California's Great America
- Park section: Planet Snoopy
- Coordinates: 40°34′46″N 75°31′57″W﻿ / ﻿40.579326°N 75.532553°W
- Status: Operating
- Opening date: 1987

Hanna-Barbera Land
- Status: Removed
- Opening date: 1984
- Closing date: 1986

General statistics
- Type: Steel
- Manufacturer: Intamin
- Height: 36 ft (11 m)
- Length: 1,300 ft (400 m)
- Inversions: 0
- Height restriction: 46 in (117 cm)
- Trains: Single train with 4 cars. Riders are arranged 2 across in 2 rows for a total of 16 riders per train.
- Woodstock Express at RCDB

= Woodstock's Express (California's Great America) =

Roller coaster

Woodstock Express is a steel kiddie roller coaster located at California's Great America in Santa Clara, California. The coaster has slight drops and turns and uses a lap bar for guests' safety. It is themed to Woodstock, the best friend of Snoopy from the Peanuts comic strip.

== History ==
Since the roller coaster opened in 1987, it has been re-themed at least three times. It was designed by Intamin and originally opened in 1984 as Scooby's Ghoster Coaster at Hanna-Barbera Land in Spring, Texas. The coaster moved to California's Great America, reopening in 1987 as Blue Streak. The coaster had a Smurfs theme when it opened within "Smurf Woods," a land featuring a Smurf village with mushroom houses. Smurf Woods was closed in the early 1990s.
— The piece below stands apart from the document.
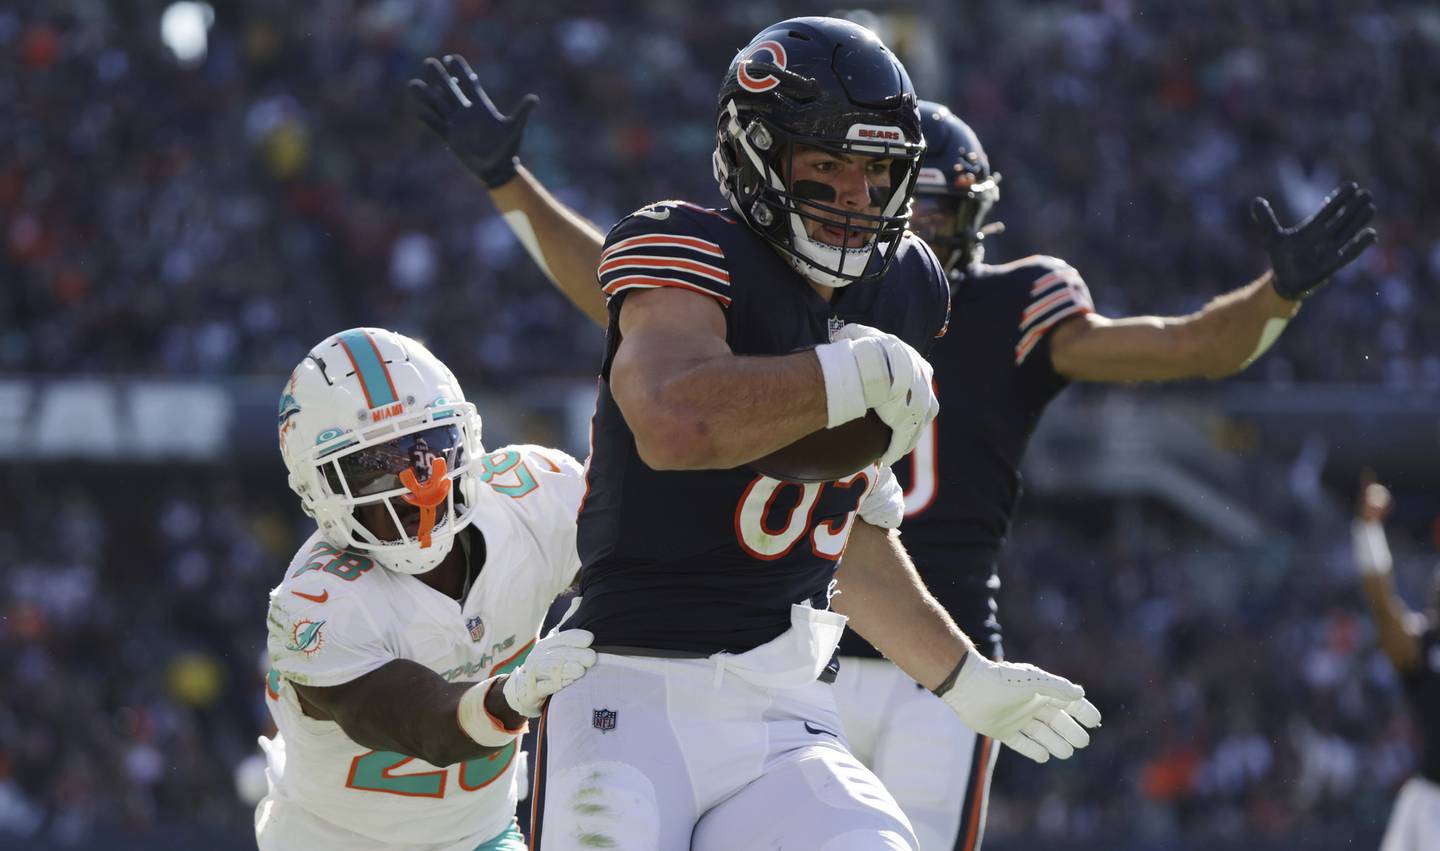 Bears tight end Cole Kmet (85) scores on a touchdown reception in the second quarter against the Dolphins on Sunday at Soldier Field.

Paramount Parks acquired Great America in 1993 and opened Nickelodeon Central. The coaster was given new yellow and green seats, and it was named Green Slime Mine Car in 1995. One Smurf house managed to survive; it may still be seen in the Picnic Grove area. In 2002, Paramount Parks repainted the coaster orange and re-themed it as Rugrats Runaway Reptar.

In 2007, Cedar Fair Entertainment Company acquired all 5 Paramount Parks (Kings Island, Canada's Wonderland, Carowinds, Kings Dominion, and California's Great America). The park did not have the license to use Nickelodeon property, so Nickelodeon Central was re-themed to Planet Snoopy in 2010. Cedar Fair (now Six Flags) gave the coaster a new yellow paint job and the name Woodstock Express; famously named after Snoopy's best friend, Woodstock.